时间:2023/11/9 作者: 文艺生活·中旬刊 热度: 17505
赵红帆

  (中国艺术研究院 话剧所,北京 102209)

一、李畅的主要艺术成就

李畅,曾用名:李道善,生于1929年11月,是中国舞台美术界元老级人物,从小在北京生活,其高祖李瀚章是清末名臣李鸿章的长兄。他家学渊源,抗战时期在重庆读书,1949年毕业于国立戏剧专科学校,同年学校迁至北京,与华北大学三部、延安鲁艺合并,成立为中央戏剧学院。他先参与中央戏剧学院建设附属舞蹈团的工作,之后一直在中戏舞美系任教45年,1991年在美国伊利诺伊州爱尔金地区学院任教舞台美术课程三年,后回国参加国家大剧院的建设工作,1994年离休后,多年从事国内剧场建设工作。

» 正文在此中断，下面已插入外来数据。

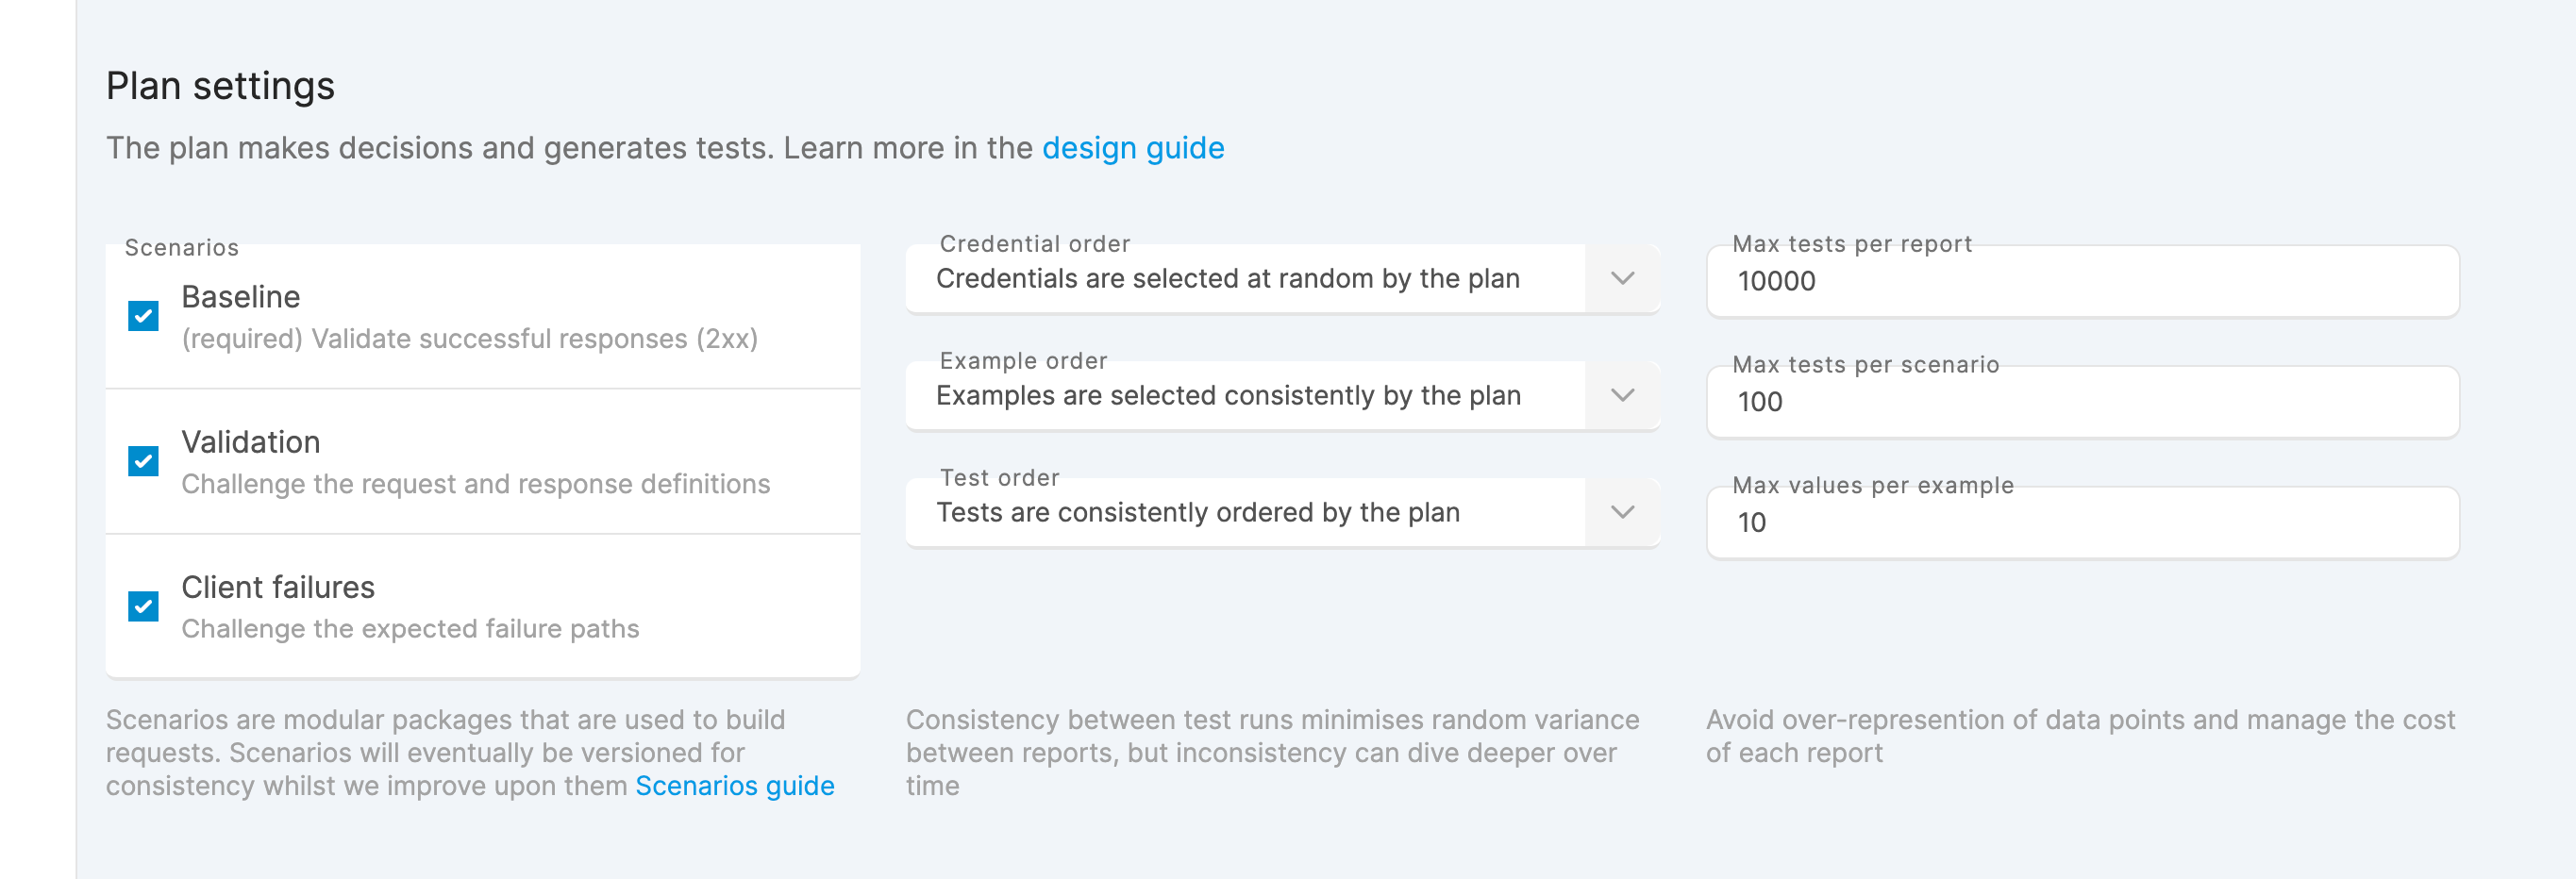 Control how the plan builds test requests, before a report starts

  李畅在舞台设计领域的贡献始于1950年,他加入新中国第一部由中戏首任院长欧阳予倩编制,戴爱莲主演的舞剧《和平鸽》的舞台设计工作,该剧在北京公演后,引起了巨大轰动。1951年,他与齐牧冬、张尧共同担任歌剧《白毛女》的舞台设计,此剧变成经典剧目其后在全国常演不衰。其后几十年中他先后担任舞台设计的剧目包括话剧《桃花扇》《上海屋檐下》《杜鹃山》《大雷雨》《千万不要忘记》《杨开慧》《屈原》《原野》《朱丽小姐》;匈牙利轻歌剧《小牛》;担任京剧《红灯记》《战洪图》《刘志丹》的舞台设计等,其中很多都是经典剧目。

  1951年8月之后的一年时间,李畅参加青年文工团去东欧八国演出观摩,由于他对英文有沟通能力和学习能力强,他回国后积极推广从东欧带回的先进演剧体制和舞台技术。1953年,他作为剧场设计和技术监理参与负责北京天桥剧场的建设工作,这是中国第一个有全套升降布景系统的国内剧场。1954年他担任国家文化部剧场建设顾问,其后他先后负责首都剧场、北京人民剧场、北京工人俱乐部剧场、北京政协礼堂、民族宫剧场、武汉歌剧院、中央戏剧学院专业剧场、保利剧院、世纪剧院、新长安大戏院等30多个剧场的建设工作。1998年,李畅被邀请担任国家大剧院工艺专家组组长,后任国家大剧院艺术专家组成员。2001年,他又参与了修订中华人民共和国行业标准《剧场建筑设计规范》。

  李畅在1978年和他的同行们参与推动成立了中国舞台美术学会,1984年他又促成了中国加入国际舞台美术家剧场技师和建筑师组织(简称OISTAT)。1987年时任舞台美术学会副会长的李畅率领中国舞台美术代表团赴布拉格参加国际舞台美术四年展,第一次为中国代表团在此次展览中获得荣誉奖。李畅为中国舞台美术的国际交流和推广工作做了很多实质性的推动工作。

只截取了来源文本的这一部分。